This turns out to be the arc length function, and is multi valued since the arc we choose from our base point to our variable point may wind several times around the circle before stopping at the variable point. The composition from a point x on the x axis, up (or down) to a point on the unit circle, followed by arc length from a base point to that point, is just the arcsin function. Although this arcsin function from the circle to the real line is multiple valued, we can force it to be single valued by identifying the different values on the real line taken by the function. Then we get a single valued function from the circle to the quotient space R/2πZ, i.e. we identify two arc lengths if they differ by an integer multiple of 2π. E.g. the arc length from the base point to itself is any element of the set {…, -2π, 0, 2π, 4π,…} (Thus we have seen two tricks for changing multi valued functions into single valued ones, enlarging the domain, and collapsing the range.)

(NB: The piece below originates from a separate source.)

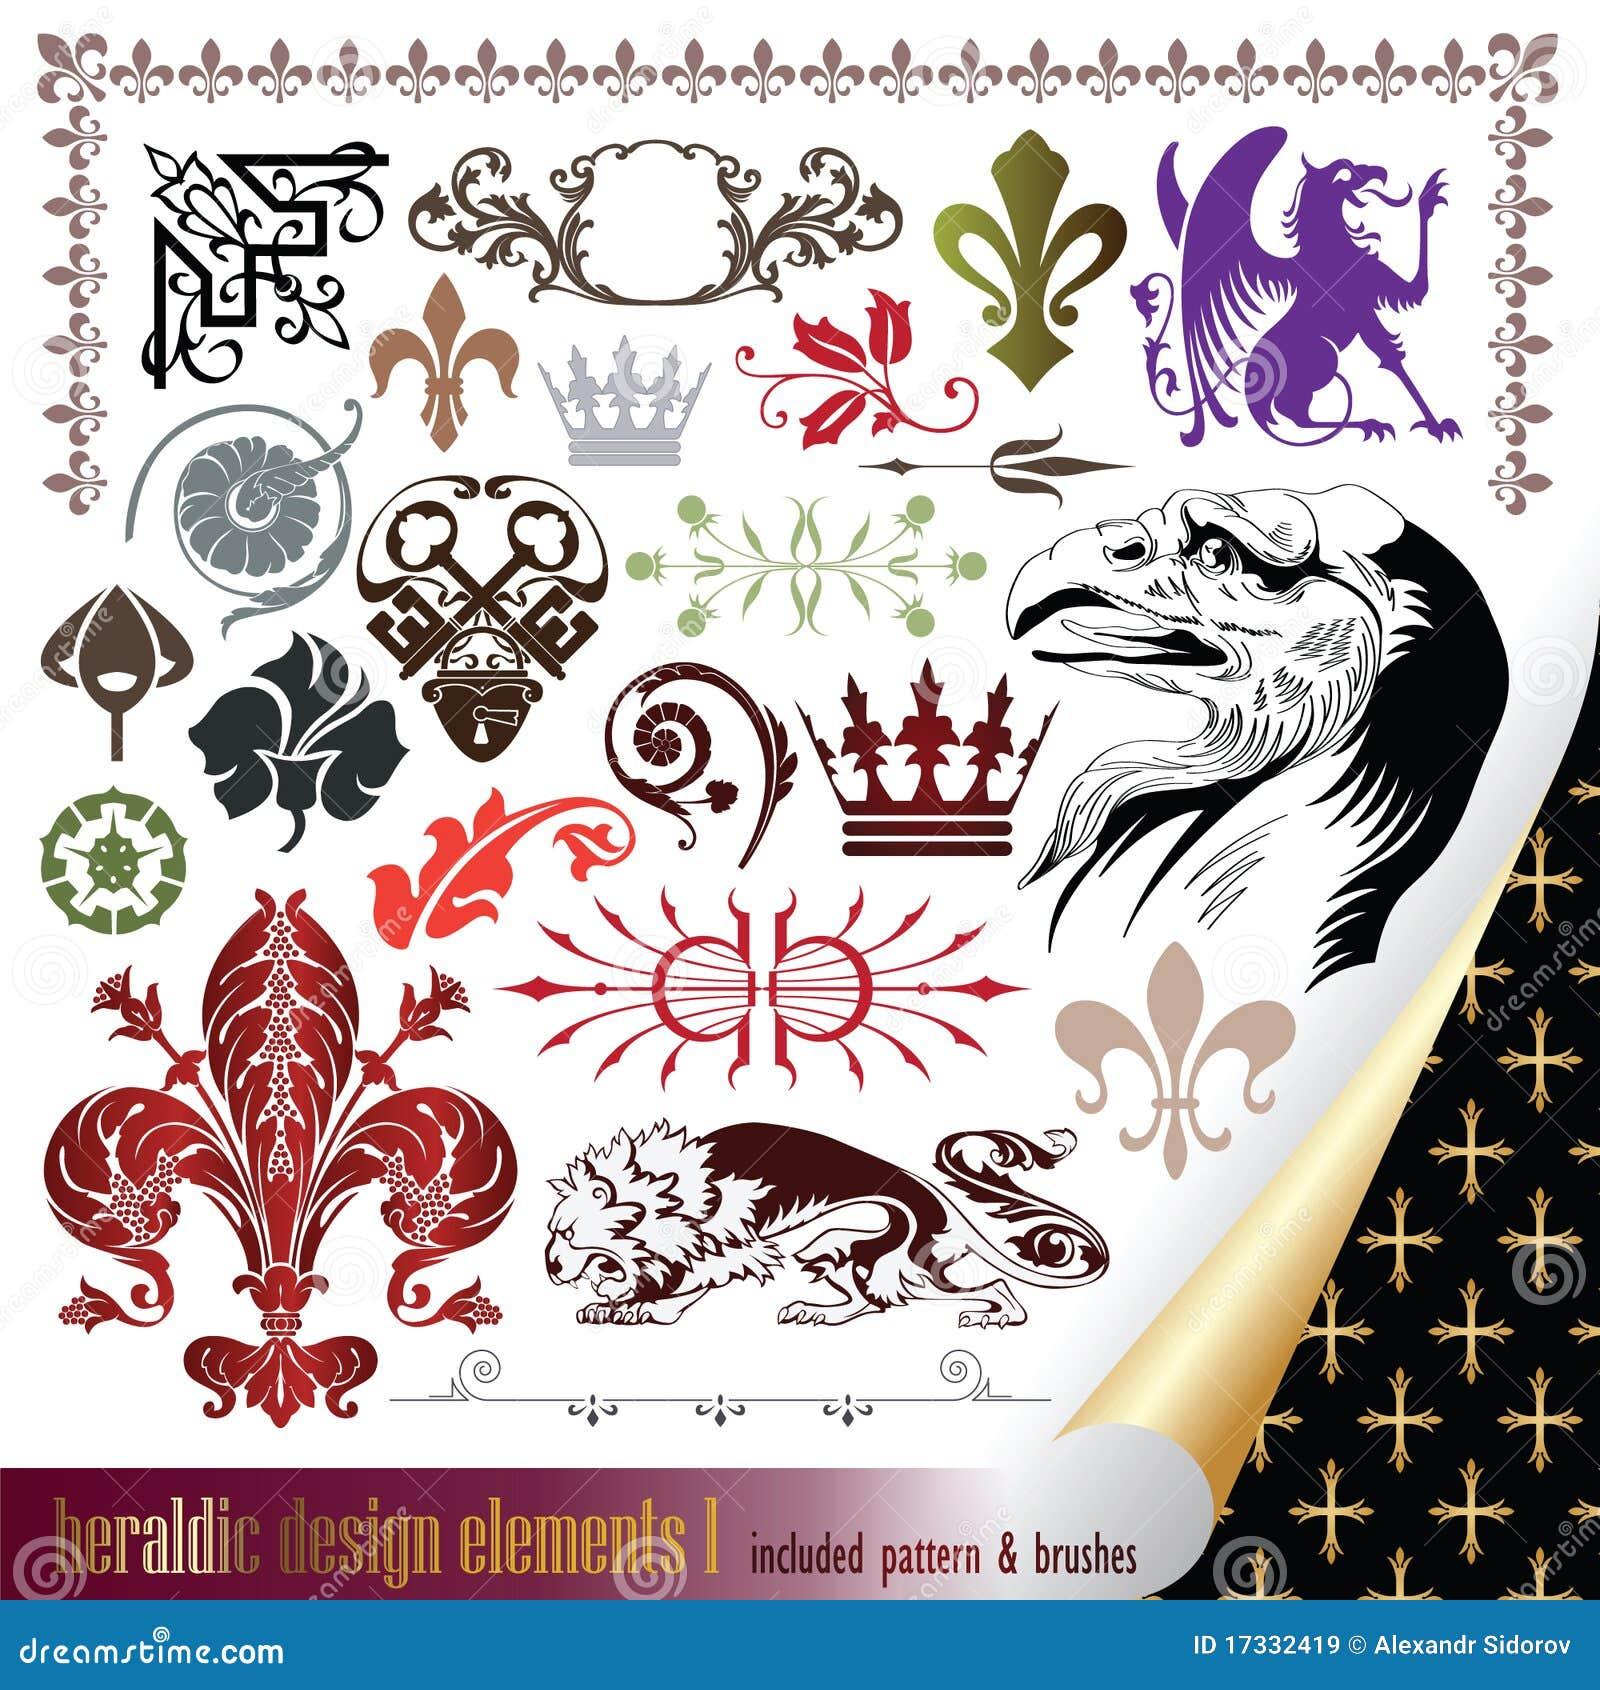 Elements for your heraldic design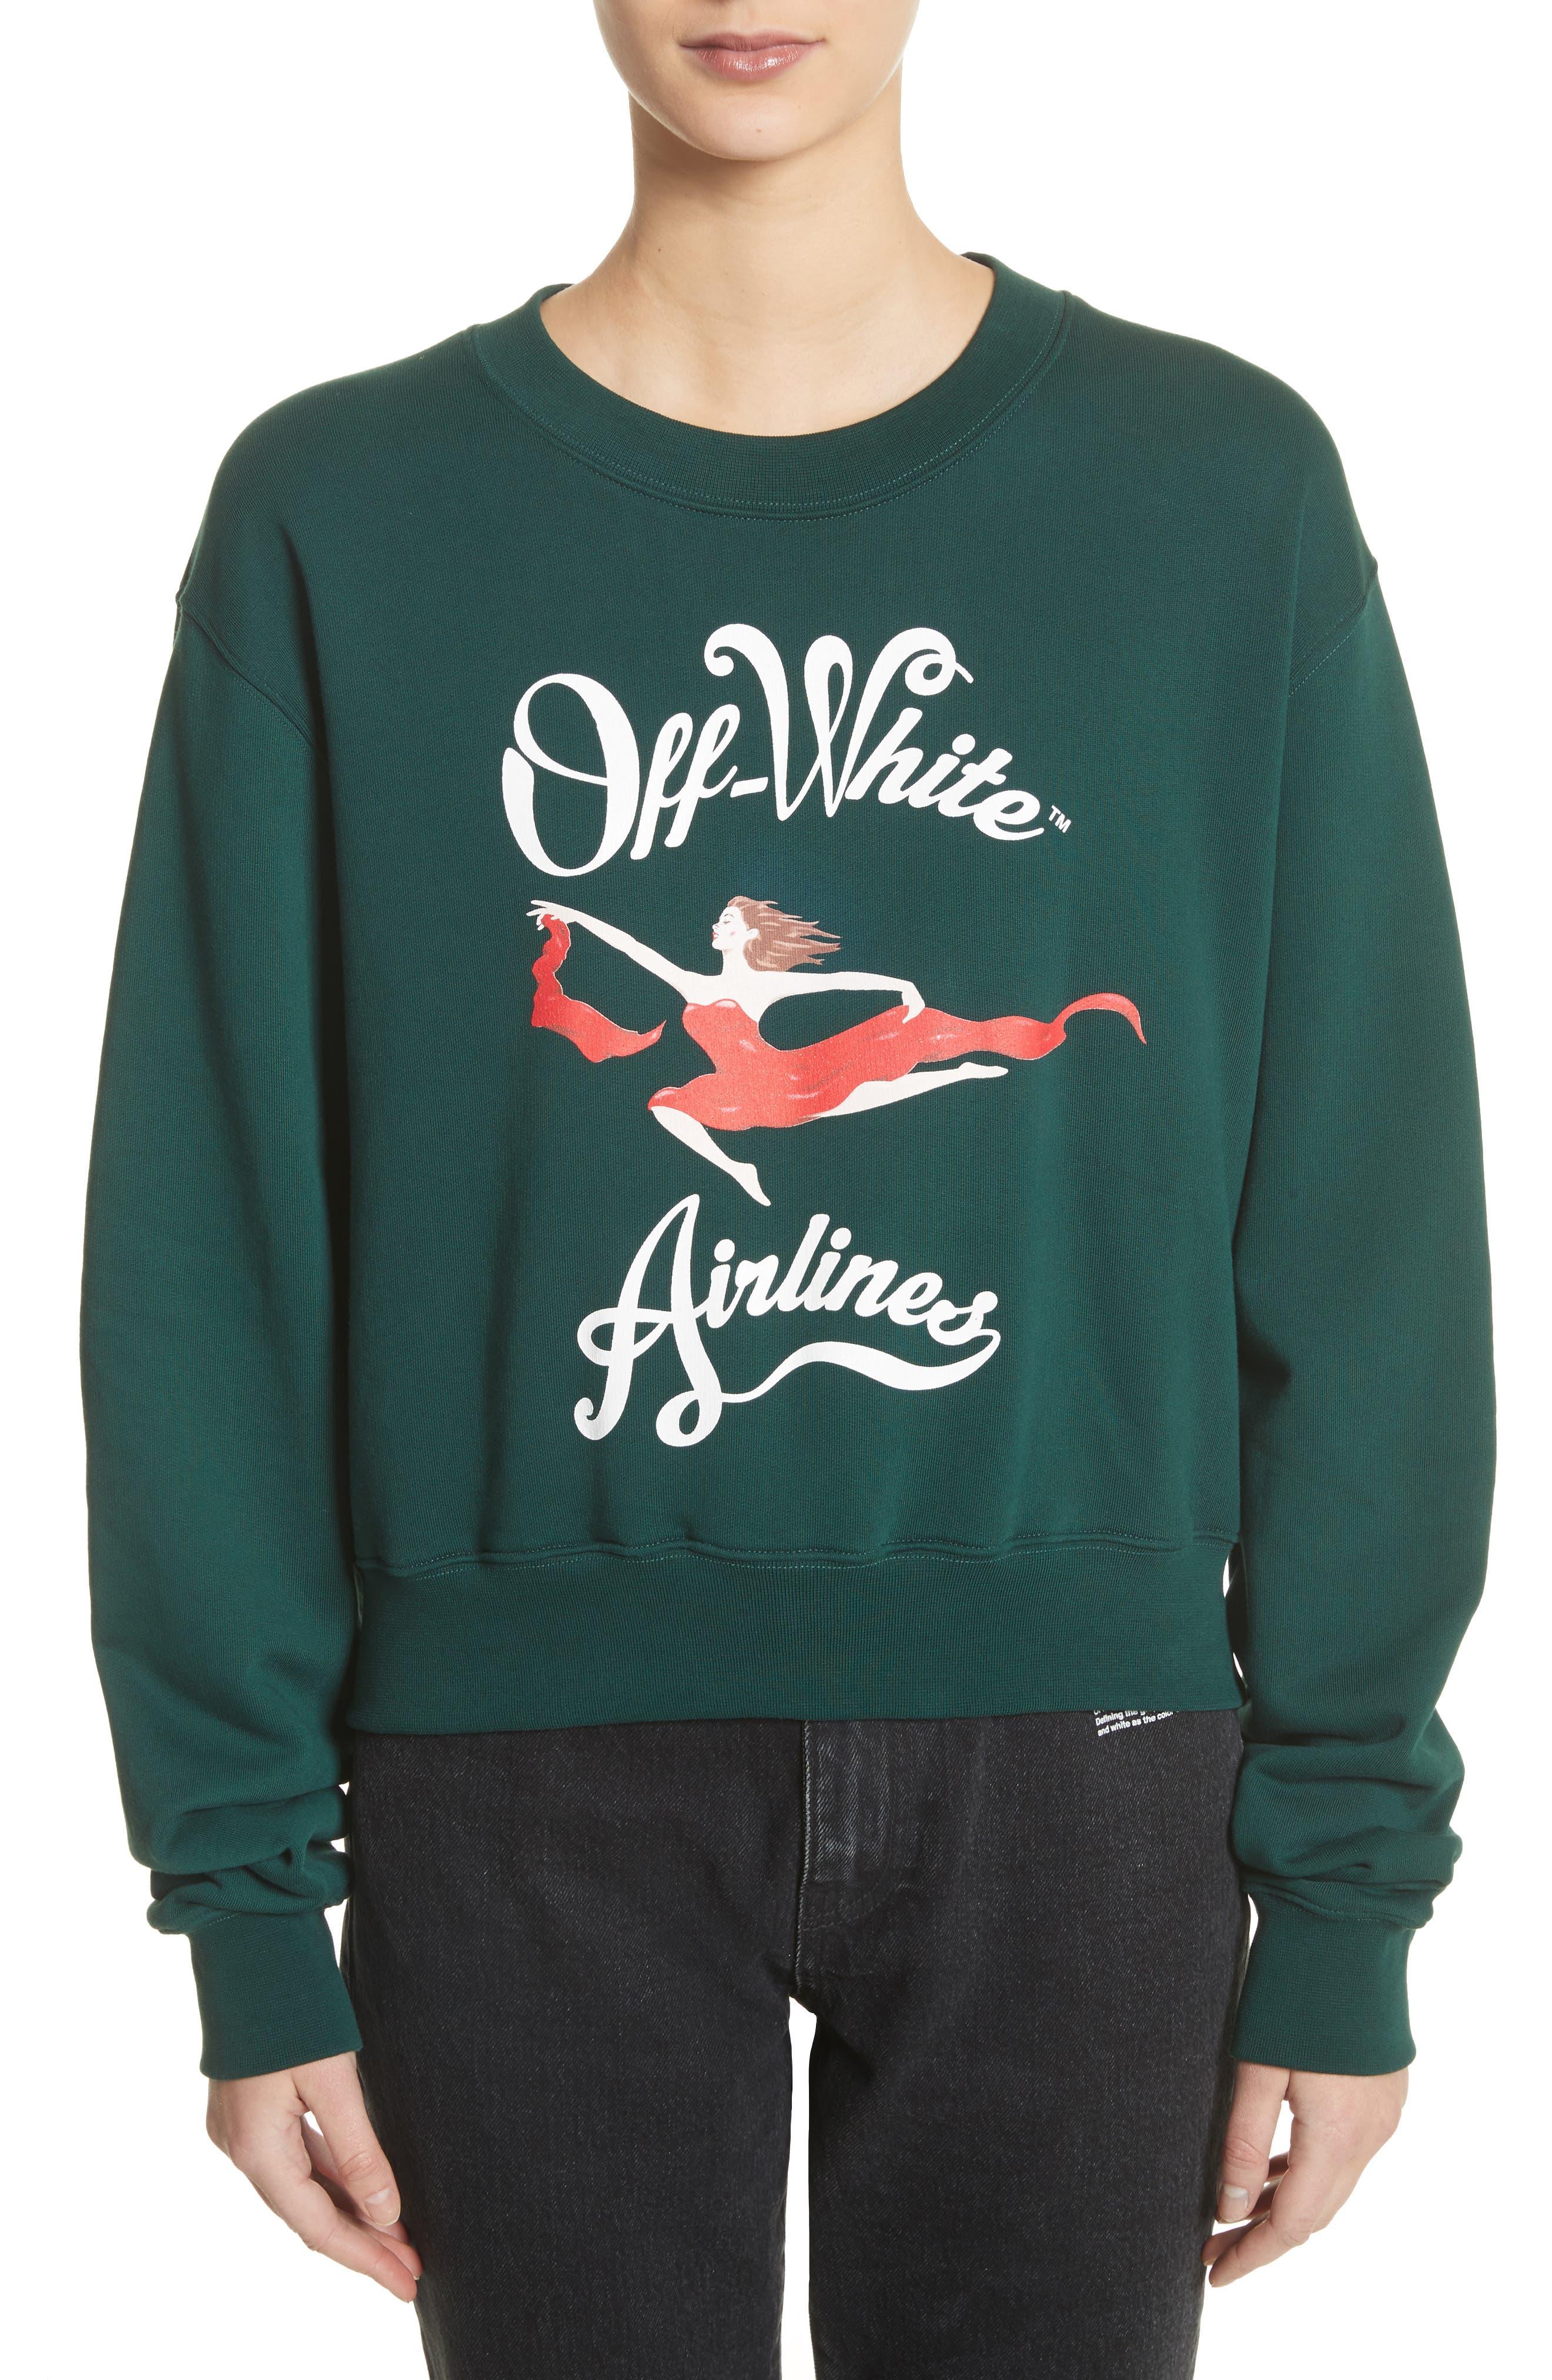 Airlines Crop Crewneck Sweatshirt,                             Main thumbnail 1, color,                             Dark Green

Then the inverse function f(z) = sin(z), satisfies the differential equation (f’)^2 = 1-f^2, since sin’ = cos, and cos^2 = 1-sin^2, so we have a parametrization “by arc length” of the unit circle sending z to (f(z),f’(z)) = (sin(z), cos(z)). (I guess I could have chosen a non standard branch of the inverse trig functions so that I would have had the solution as f = arccos, so this would have given the usual parametrization z—>(cos(z), sin(z)).) I apologize for that. Either way, this is the universal covering map of the unit circle by the real line.

We can follow this analysis also for the integral of the multi valued differential dx/sqrt(x^3+3) on the x axis. We consider this first as the single valued differential dx/y, defined on the plane curve M: {y^2 = x^3+3}, and focus attention on the integral of the single valued differential dx/y, as a multivalued function on M, by integrating along paths on M starting at a base point (x0,y0), up to a variable point (x,y). This time, this differential remains analytic even at the points “at infinity” of this plane curve, which we view in the complex projective plane, where it is topologically a torus, or elliptic curve.

So this integral defines a multi valued function g from the torus to the complex numbers, analogous to the arc length function from the circle to the real line. This time of course the torus has two holes or loops on it, and going around either loop with our path, adds a constant “period” to the value of our integral. In an analogous way to the sin function, the inverse function f is thus a doubly periodic function on the complex numbers, which satisfies the differential equation (f’)^2 = f^3 + 3, hence the mapping z—>(f(z), f’(z)) gives a parametrization of the torus, (the projective completion of y^2 = x^3 +3), and coincides with the universal covering map of the torus. (The Weierstrass P-function is an example of such an f.)

Without taking inverses, the function g itself can again be made single valued by modding out the complex numbers by the lattice spanned by the two (complex) constant period vectors a and b, of the differential, integrated around the two loops in the torus, giving a well defined map M—>C/{Za+Zb}, which turns out to be an isomorphism.

In his search for general principles, Riemann asked himself not just which curve does the differential dx/sqrt(x^3+3) live on in the plane, but what are the other differentials that live on this curve? In particular he proved that up to constant multiple, this is the only everywhere analytic differential on the associated torus, i.e. that the vector space of such differentials has dimension one. He proved also that this is because the torus has topological genus one. He took this approach because he did not want to just explore each function he came upon one at a time, but to organize them according to some principle, and the organizing principle is whether they live on the same complex curve, (i.e. a real topological surface with complex coordinates).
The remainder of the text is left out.